The Black Eyed Peas are the Carlos Santana of hip-hop. Formerly a fabulously original three-pronged act with shades of De La in their game, the Peas evidently decided that making smart, creative music didn't yield the requisite bling. So they set their sights on the top of the pops by inviting Fergie — a tone-deaf sliver of talentless eye candy — to whore it up on pencil-dick collaborations with the likes of Justin Timberlake, Sting and the insufferable Jack Johnson (himself a tone-deaf sliver of talentless eye candy).

But anyway, what you gon' do with all that ass? All that ass inside them jeans? I'm a make, make, make, make you scream. Make you scream. Make you scream. In spite of its obvious lyrical stupidity and gratuitous pandering to the knucklehead TRL/107.7 FM demographic, the Peas' "My Humps" is every bit as infectious as Kelis' "Milkshake." With this delightful little blast of Fergie-fronted booty-mongering, the Peas are wryly scraping the bottom of hip-hop's barrel and coming out winners.

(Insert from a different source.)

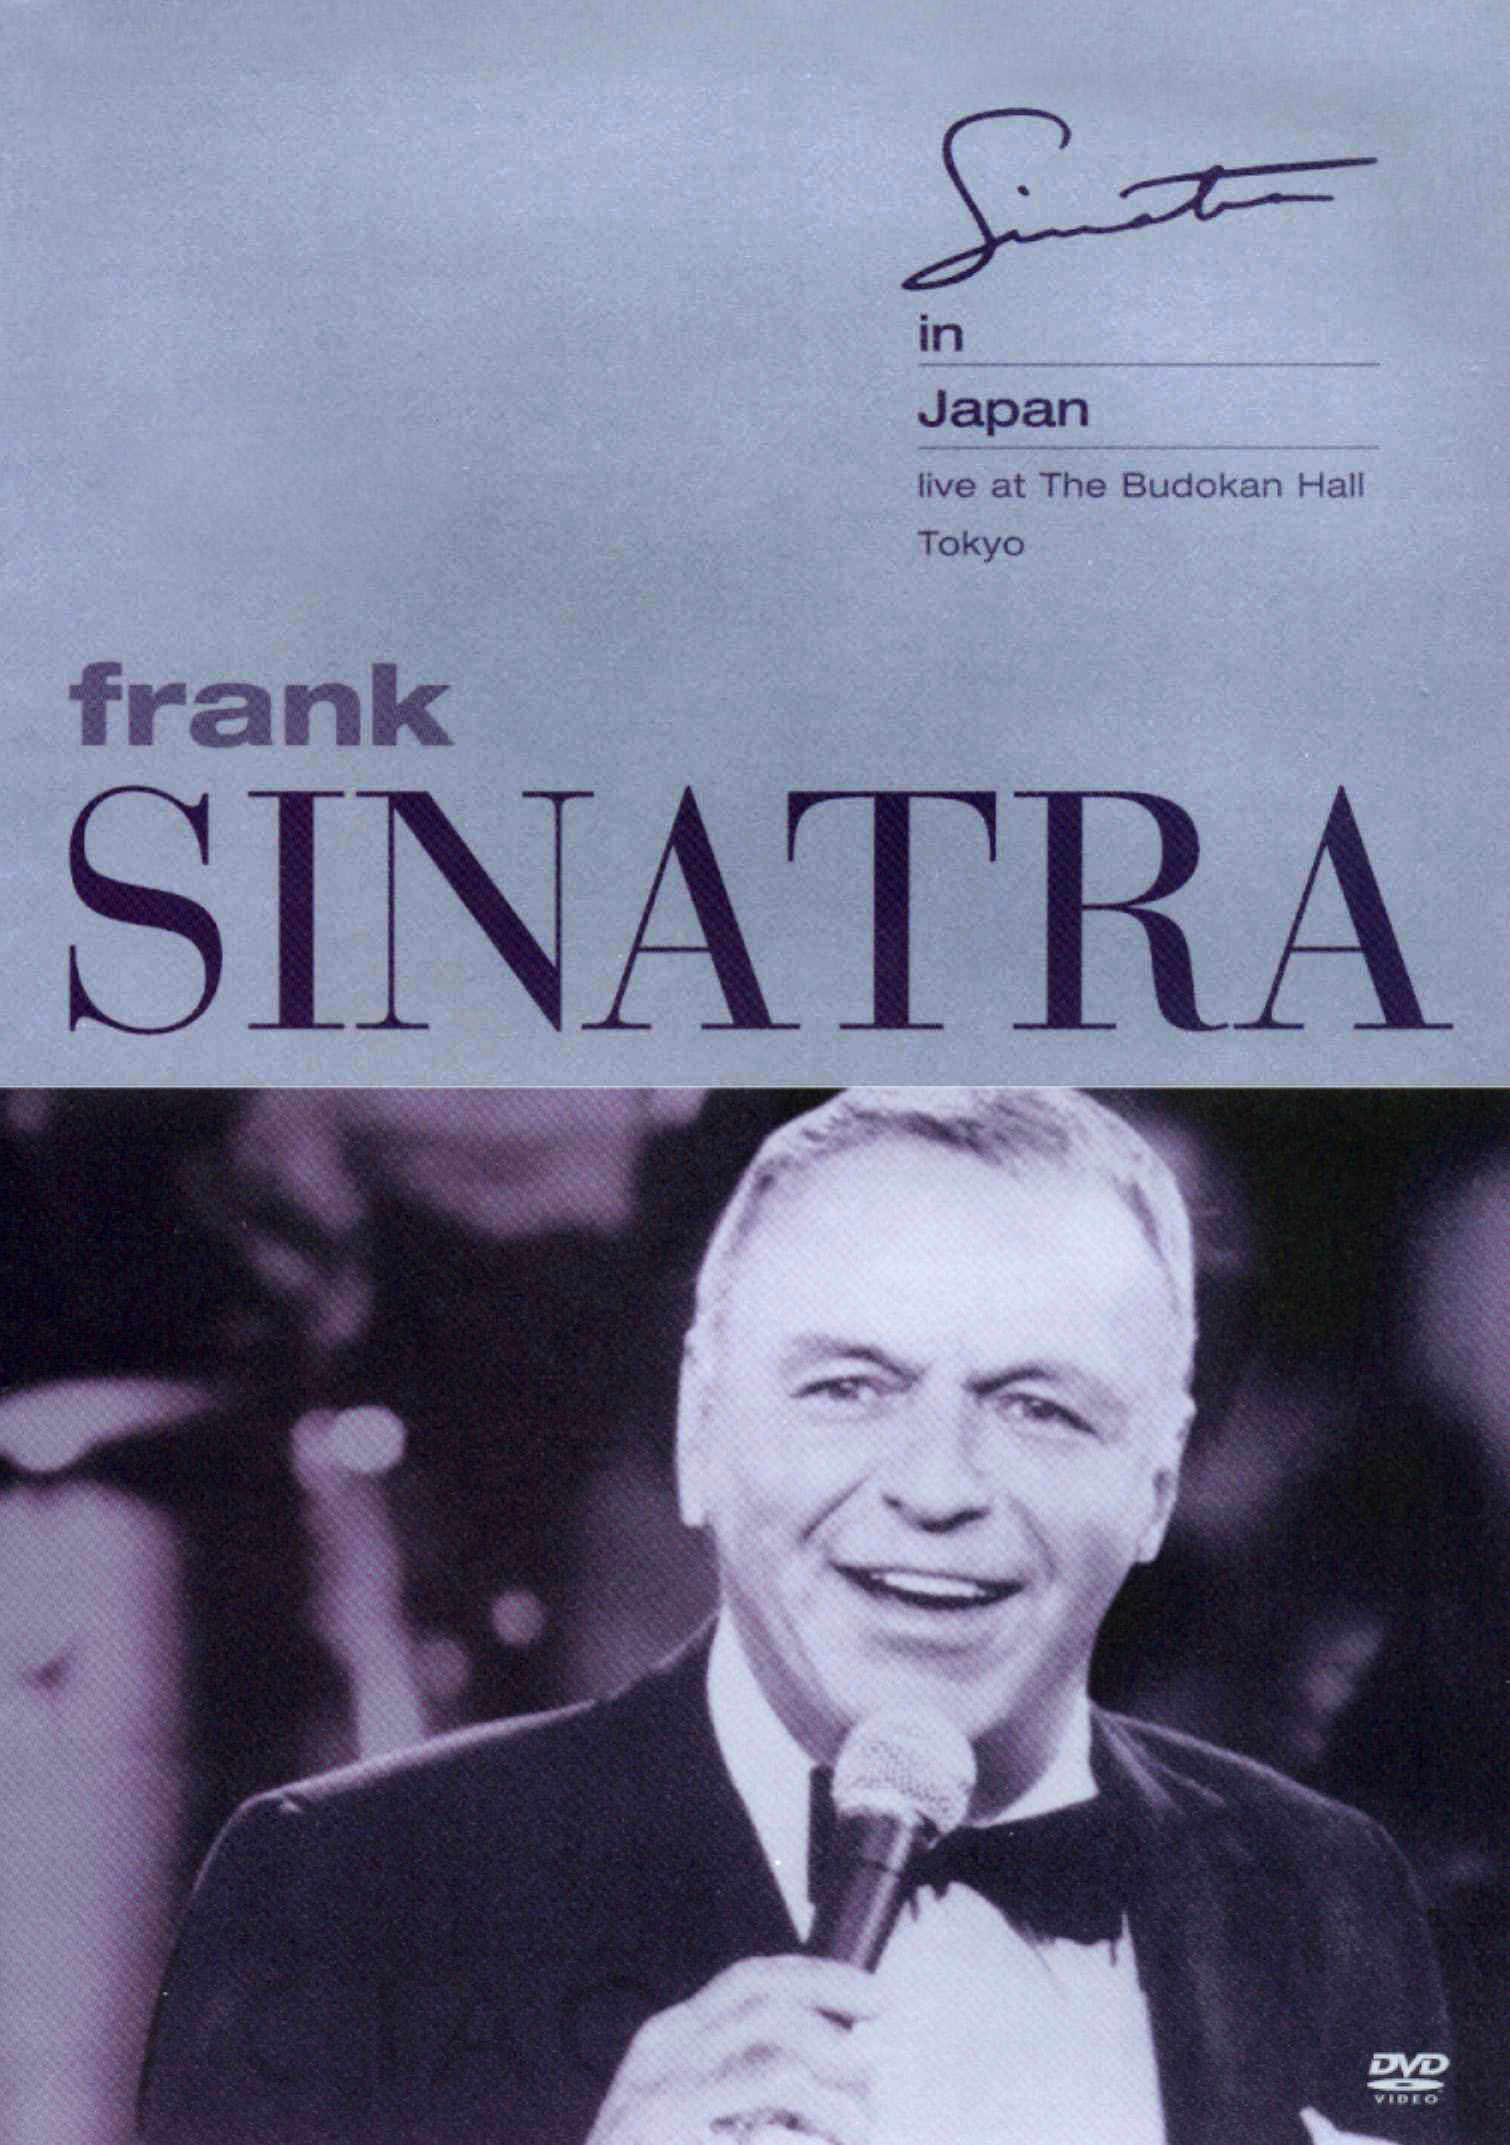 Frank Sinatra: In Japan - Live at The Budokan Hall, Tokyo

Which, incidentally, is a lot more than you can say for the mess Nelly has become. If Page Six is to be believed (and it most assuredly is), the worst rapper alive recently dropped ten large at an NYC strip joint while tomcatting with Jermaine Dupri — and then decided to match that amount in toys purchased for needy tots. Way to atone, asshat. And as if that duet with Tim McGraw wasn't bad enough, Nelly's indescribably horrible "Grillz" all but commands working-class black folks to go drop their paychecks on diamond studded rows of teeth. That ain't classy, that's trashy — kind of like Nelly himself. — Mike Seely



Sign o the Times

American-Idol-contestant-turned-country-superstar Josh Gracin is following the temple-rubbing footsteps of Prince and 30 Seconds to Mars by adopting an inexplicable self-symbol. In an effort to accelerate this obscene (yet always hi-larious) trend, B-Sides created some signs for other Idols.

Idol: Bo Bice
Season: Four, runner-up
Symbol: Sticks to the ribs as much as his intestinal problems!

Idol: Ruben Studdard
Season: Two, winner
Symbol: Get in my belly!

Idol: Clay Aiken
Season: Two, runner-up
Symbol: Gay long before Brokeback Mountain was hip.

Idol: Corey Clark
Season: Two, disqualified
Symbol: Extorting Paula Abdul has never been so fun!

Idol: Julia DeMato
Season: Two, tenth-place
Symbol: Putting the 'd' in drunk driving.

Idol: Constantine Maroulis
Season: Four, sixth place
Symbol: The greatest love of all: unbridled ego.

Idol: Scott Savol
Season: Four, fifth place
Symbol: Making spousal abuse acceptable again.

Idol: Justin Guarini
Season: One, runner-up
Symbol: "Would you like to start with our Tuscan Spinach Dip?"